Starting with the line with "Stéphane devient 7<sup>ème</sup>" in the entries below and going on through the line with "優里 - ベテルギウス (B♭) by kanamusic", output every line exactly and nothing more. No pictures.

* **DATA LISTING**
* * * * * * *

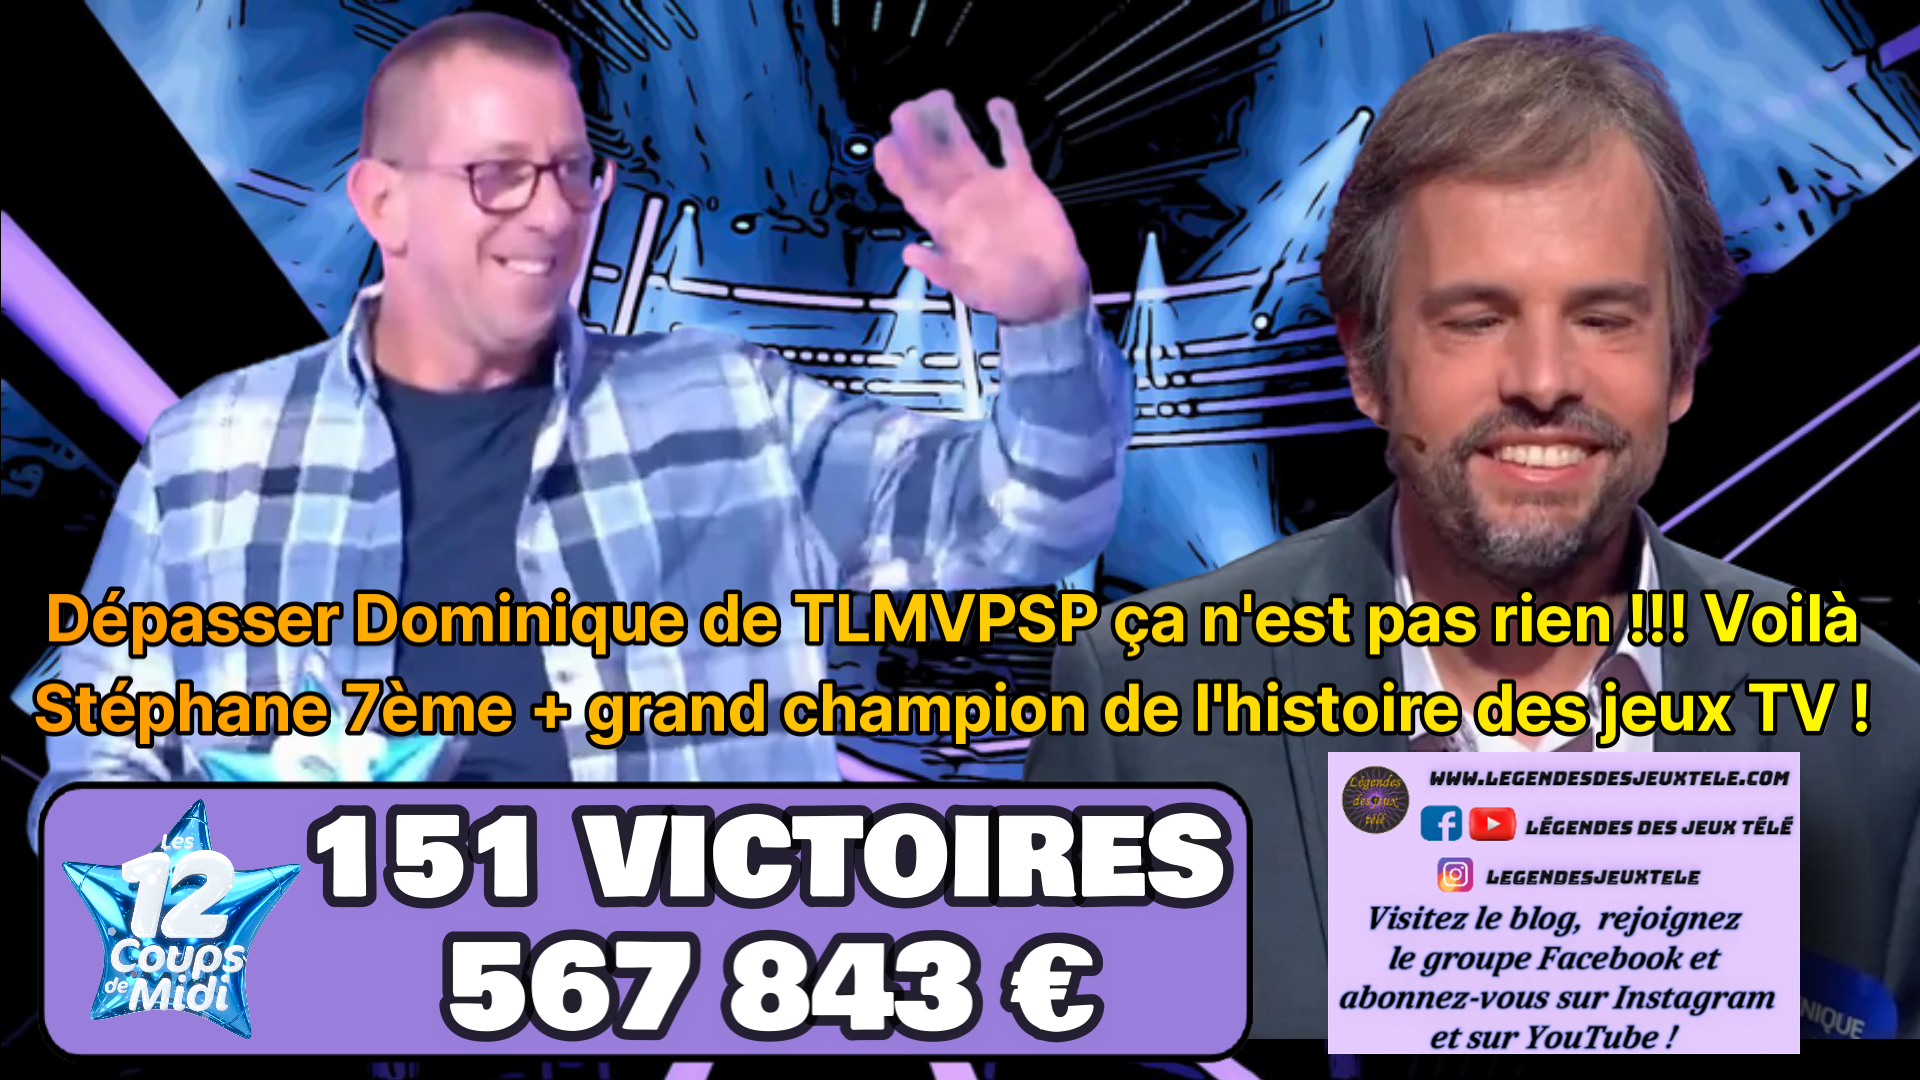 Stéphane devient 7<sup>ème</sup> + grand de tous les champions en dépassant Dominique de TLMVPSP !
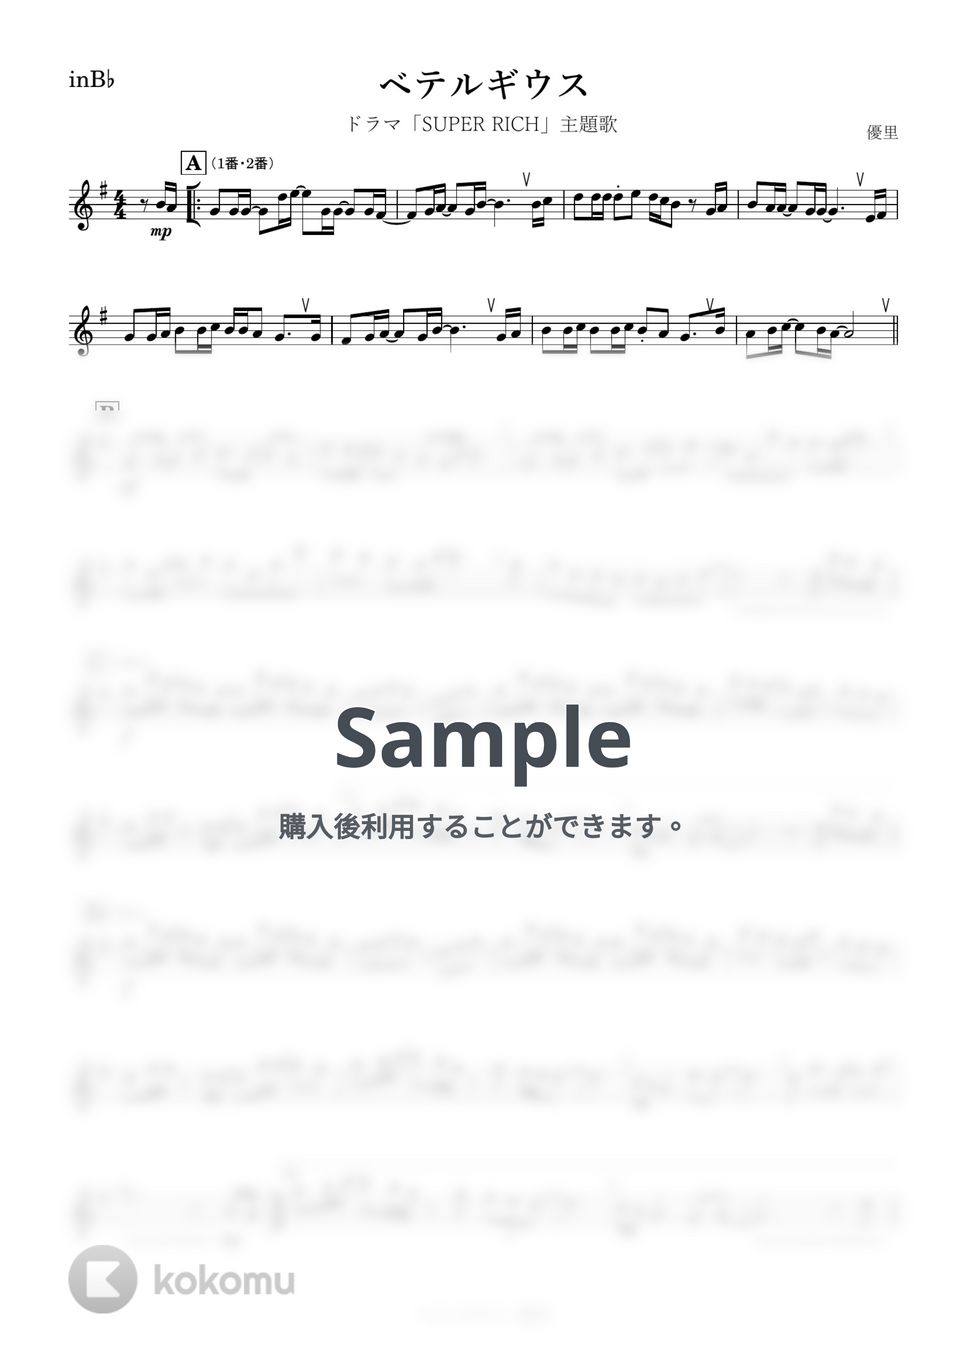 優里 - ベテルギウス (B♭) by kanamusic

* * * * * * *

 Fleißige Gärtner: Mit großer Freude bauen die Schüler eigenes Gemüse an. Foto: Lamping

* * * * * * *

* **SOLUTION**
 Stéphane devient 7<sup>ème</sup> + grand de tous les champions en dépassant Dominique de TLMVPSP !
 優里 - ベテルギウス (B♭) by kanamusic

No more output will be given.